Критик не выискивает слабости и противоречия фильма, - она наталкивается на них с неизбежной необходимостью, анализируя достоинства произведения. У истинного художника и недостатки сущностны, ибо они есть продолжение его достоинств. И это бросается в глаза именно в «Зеркале», где история и судьба человека оказываются в сложнейших переплетениях. Но, видя их взаимное отражение друг в друге, мы временами теряем представление, что реально, а что именно отражение, то есть как бы оказываемся в положении посетителя аттракциона - комнаты, где стены уставлены зеркалами и, окруженный собственными изображениями, зритель уже не помнит, откуда вошел и каким путем может вернуться к самому себе.
[1] См.: Зоркая Н. Заметки к портрету Андрея Тарковского // Кинопанорама. Советское кино сегодня. Вып. 2.- 1977.- С. 164- 165.
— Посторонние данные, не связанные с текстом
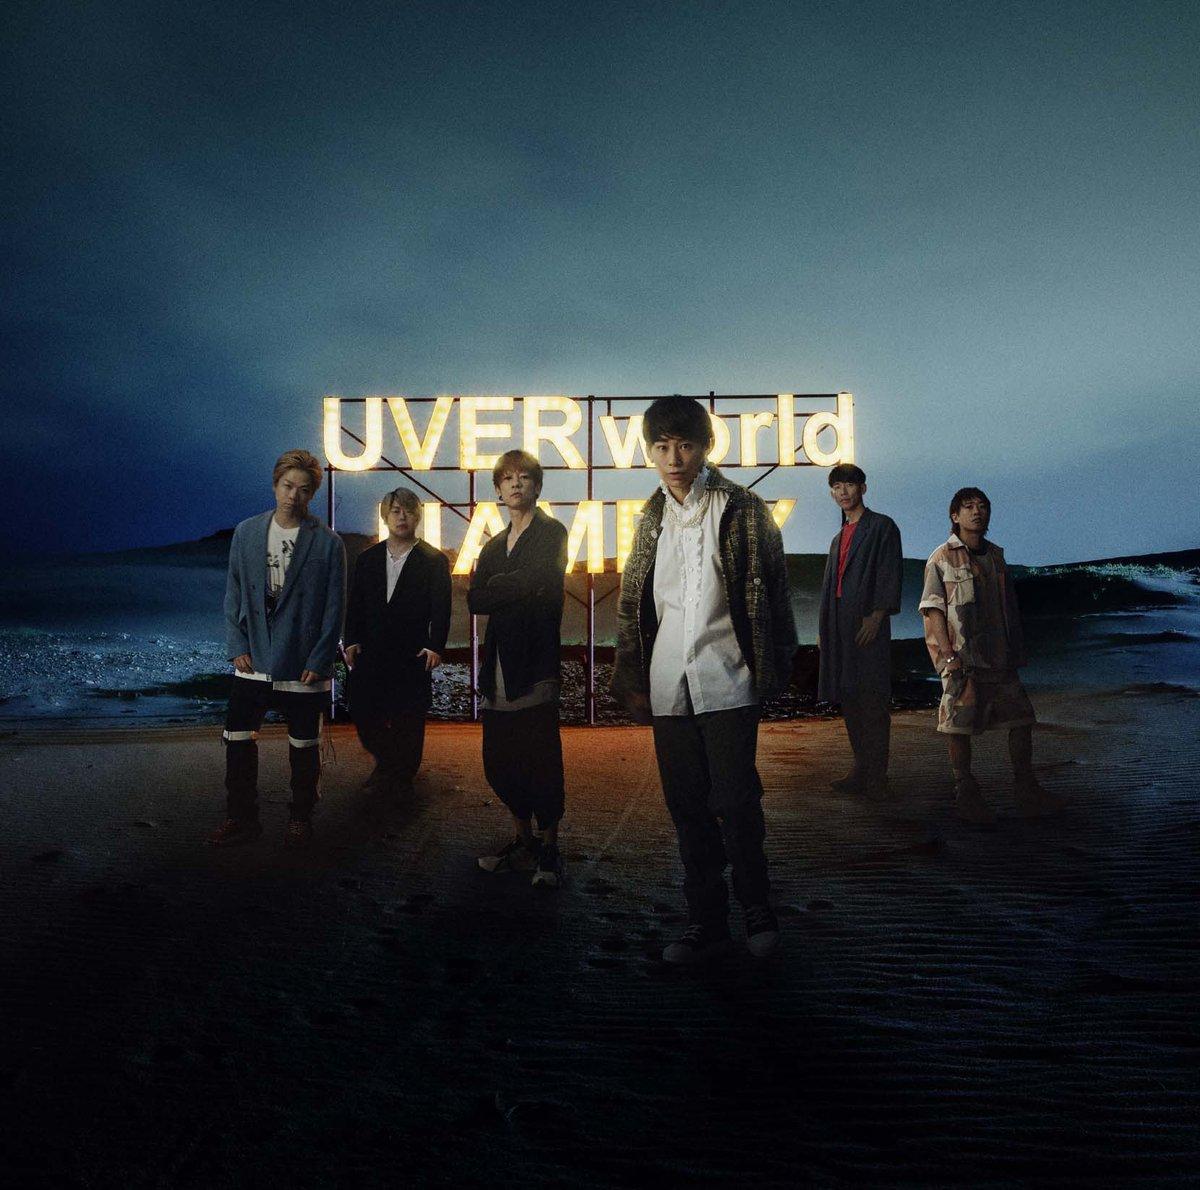 『UVERworld - NAMELY』収録の『NAMELY』ジャケット
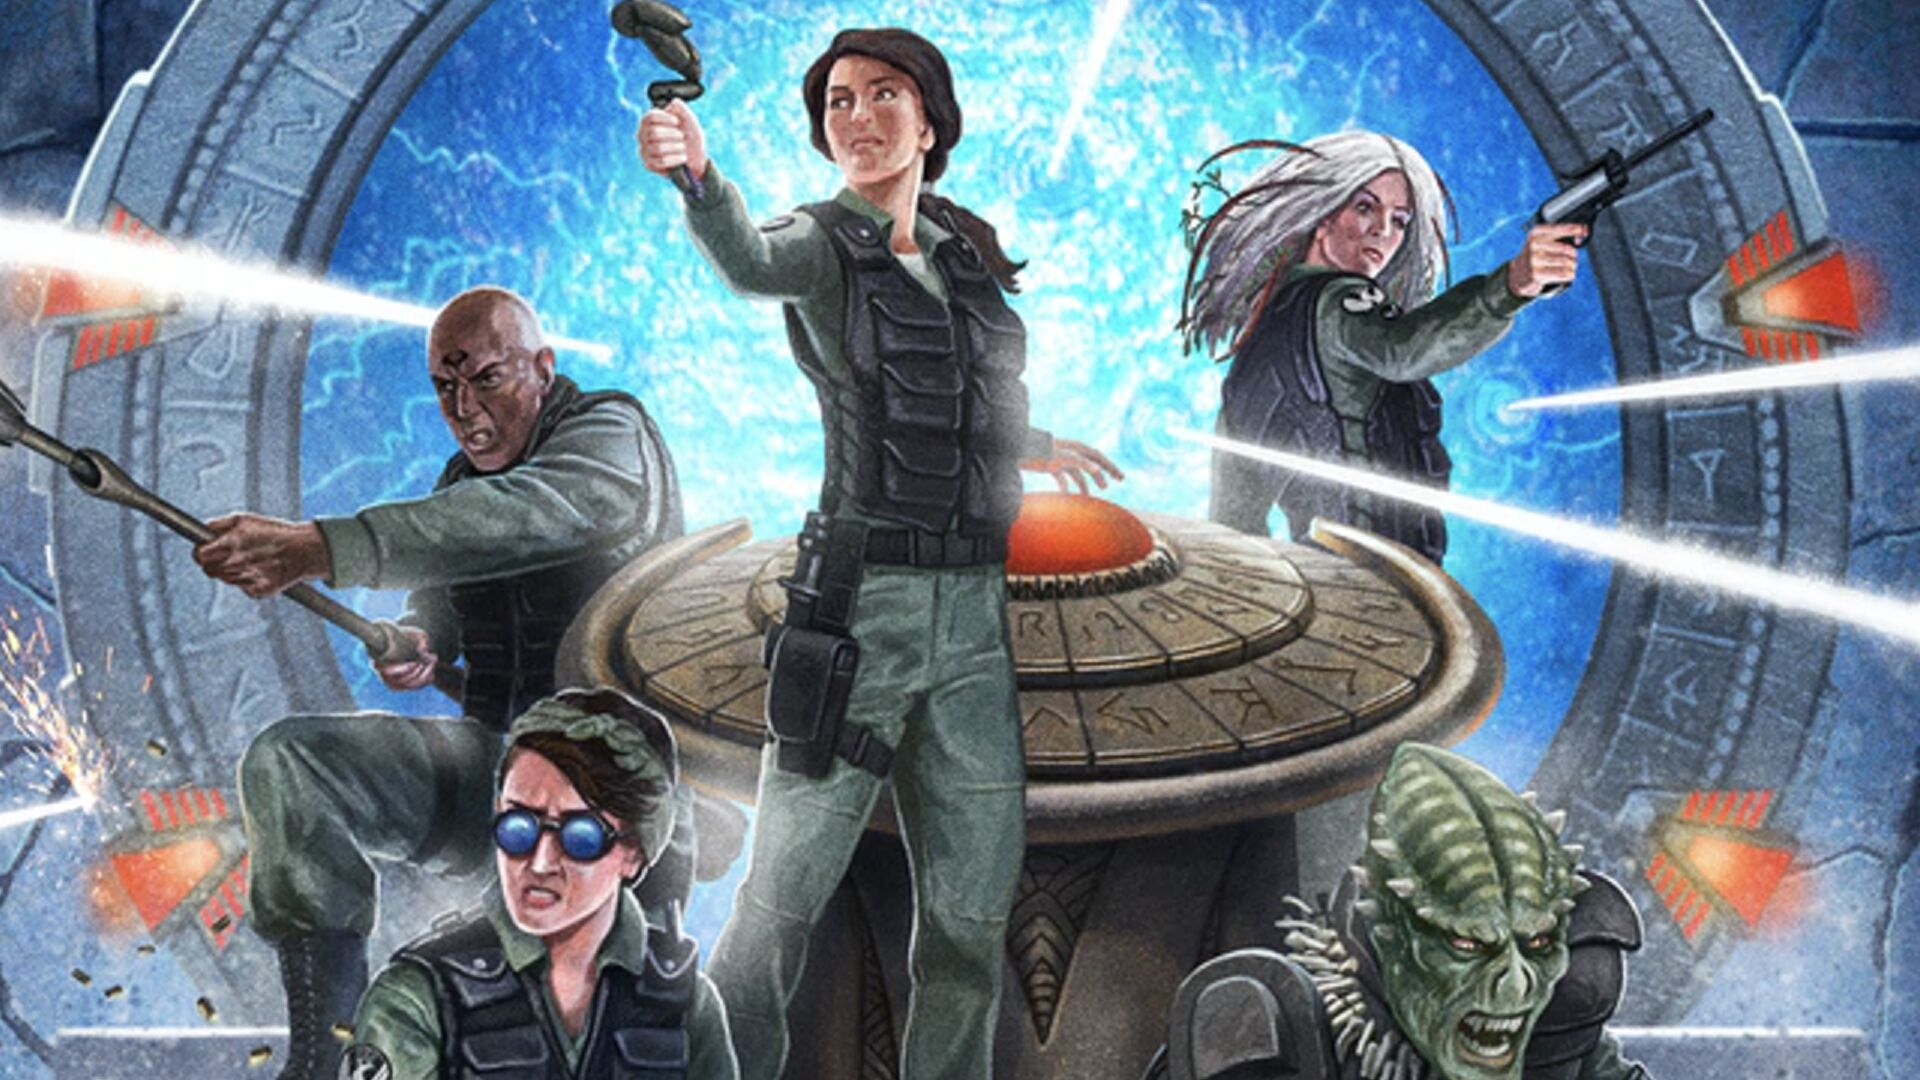 Stargate Atlantis HD Wallpaper | Background Image

«Сталкер» в этом отношении смотрится с чувством облегчения. Тарковский одним ударом освобождает себя от мучительной необходимости поисков переходов из реальности в фантастический мир сознания. Действие картины, как мы уже отметили, целиком происходит в сфере нереальной, вымышленной, то есть в сфере сознания. Именно в научной фантастике манера режиссера получает свое крайнее выражение: освобожденный от привычных форм бытия, человек предстает в своей изначальной сути, которая исследуется почти с научной достоверностью. Фантастика благодаря своей познавательной силе становится своеобразным мостом между наукой, и искусством. Наука и искусство сближаются не только в предмете, но и в методе познания. Мышление такого рода в современном кино все чаще выражается в форме притчи, в которой по-своему проявляются и чувственность и социальность.
«Сталкер», как мы уже пытались определить жанровую принадлежность фильма, - притча.
Тарковский мог бы не задумываясь сохранить в фильме эпиграф из Р.-П.Уорена к повести «Пикник на обочине»: «Ты должен делать добро из зла, потому что больше его не из чего делать». Было бы ошибочно притчевую формулу трактовать буквально - зло может само по себе превратиться в добро. Добро возникает в результате преодоления зла.
Тема преодоления становится драматической и философской, как только выясняется цена его.